KALAMAZOO--A major overhaul of a higher education classification system produced by the Carnegie Foundation for the Advancement of Teaching puts Western Michigan University in a research university category shared by just 76 public universities around the nation.

In the new classification released by the foundation earlier this month, WMU is called a "research university with high research activity." The category is a new one that resulted from a decision by Carnegie to refine its research university categories by adding a new category to reflect the status of doctoral-granting research universities that conduct a high level of research, often without the benefit of having a medical or veterinary school.

WMU shares the new category with such national universities as Clemson, George Mason, Temple, Texas Tech and Virginia Commonwealth universities as well as the universities of Alabama, Maine and Missouri-Rolla. In Michigan, the only other school in the same research category is Michigan Technological University.

"We watched closely as the new classification system developed and are pleased that the Carnegie Foundation has refined its earlier system to reflect the complexity of the higher education arena," says WMU President Judith I. Bailey. "I think WMU's placement in the new category recognizes its standing in Michigan and the nation as a highly productive research university that has carved out a reputation in a distinct set of disciplines."

The new system, which represents the first major Carnegie overhaul since 2000, also augments the previous classifications by categorizing institutions according to undergraduate and graduate instructional programs, overall enrollment and undergraduate student profiles, and size and setting. In addition to its status as a research university with high research activity, WMU is categorized as a "large, four-year primarily nonresidential" university with a "high undergraduate" enrollment profile and a graduate program profile that is classified as "comprehensive doctoral, no medical or veterinary."

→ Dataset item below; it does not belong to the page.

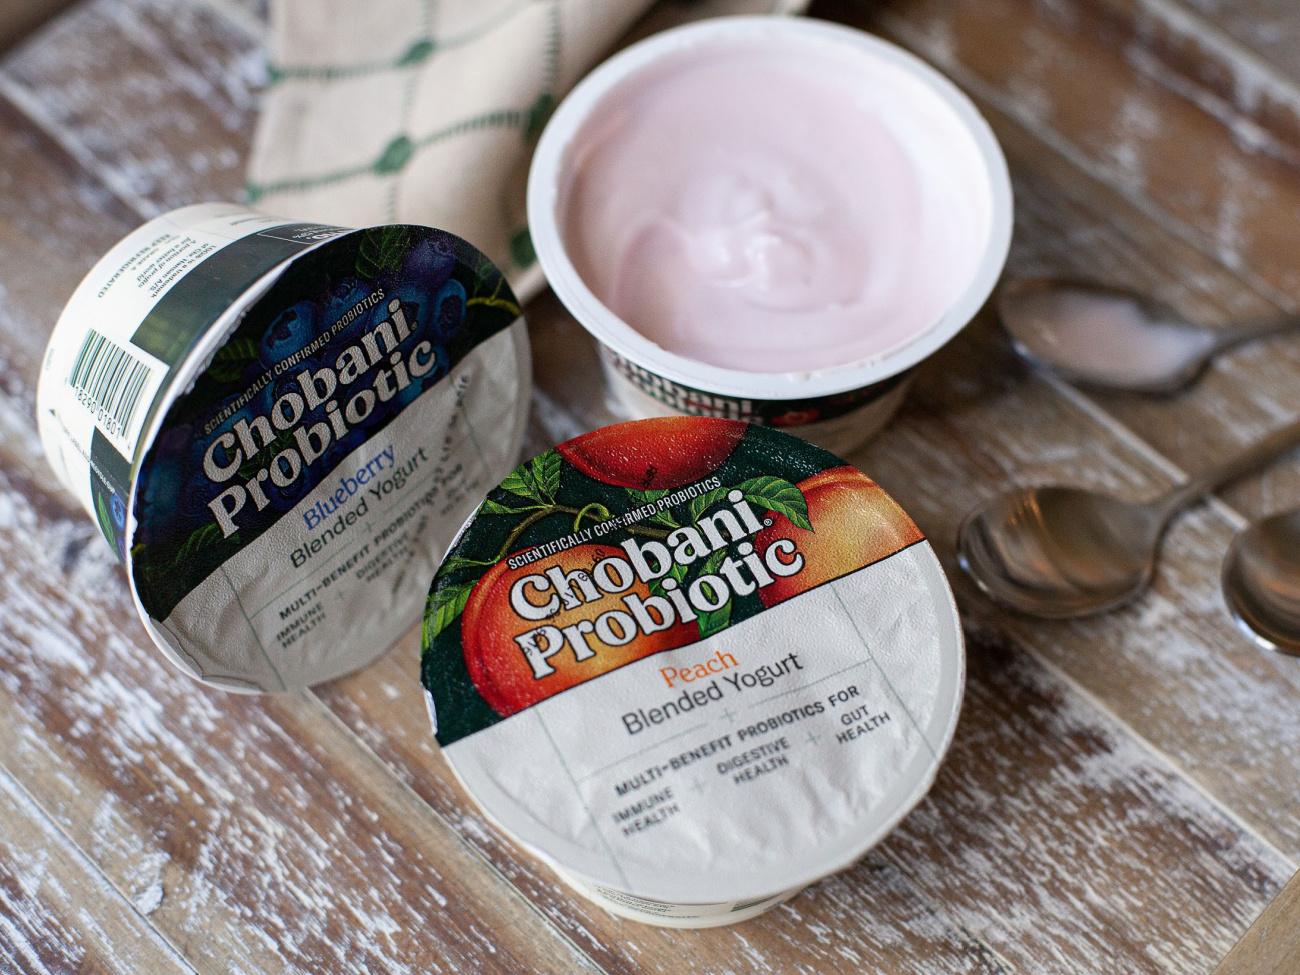 Chobani Probiotic Yogurt As Low As 13¢ Per Cup At Publix on I Heart Publix

According to Dr. James Gilchrist, WMU's director of student academic and institutional research, the multiple classification levels will make it easy to identify and compare WMU with other schools close in size, mission and research status. By selecting the field of public universities in the "high research activity" category and narrowing the group further to include only those schools with the same graduate program profile as WMU, a group of 34 schools can be identified. Those 34 schools include George Mason and Texas Tech and the universities of Alabama, Maine, Mississippi, North Texas and Oklahoma.

"These are schools we might consider our peer institutions." Gilchrist says.

The 2006 Carnegie effort, classifies 4,321 colleges and universities, up from 3,856 in 2000. The foundation first developed its classification system in 1970. This year's revision marks the fifth such overhaul and is attributed to the increasingly complex and multifaceted higher education landscape. The 2000 classification initiative includes Web-based tools that Carnegie officials believe will make it easier to analyze the classification system and group like institutions. Those Web tools and the complete list of colleges can be found at www.carnegiefoundation.org/classifications.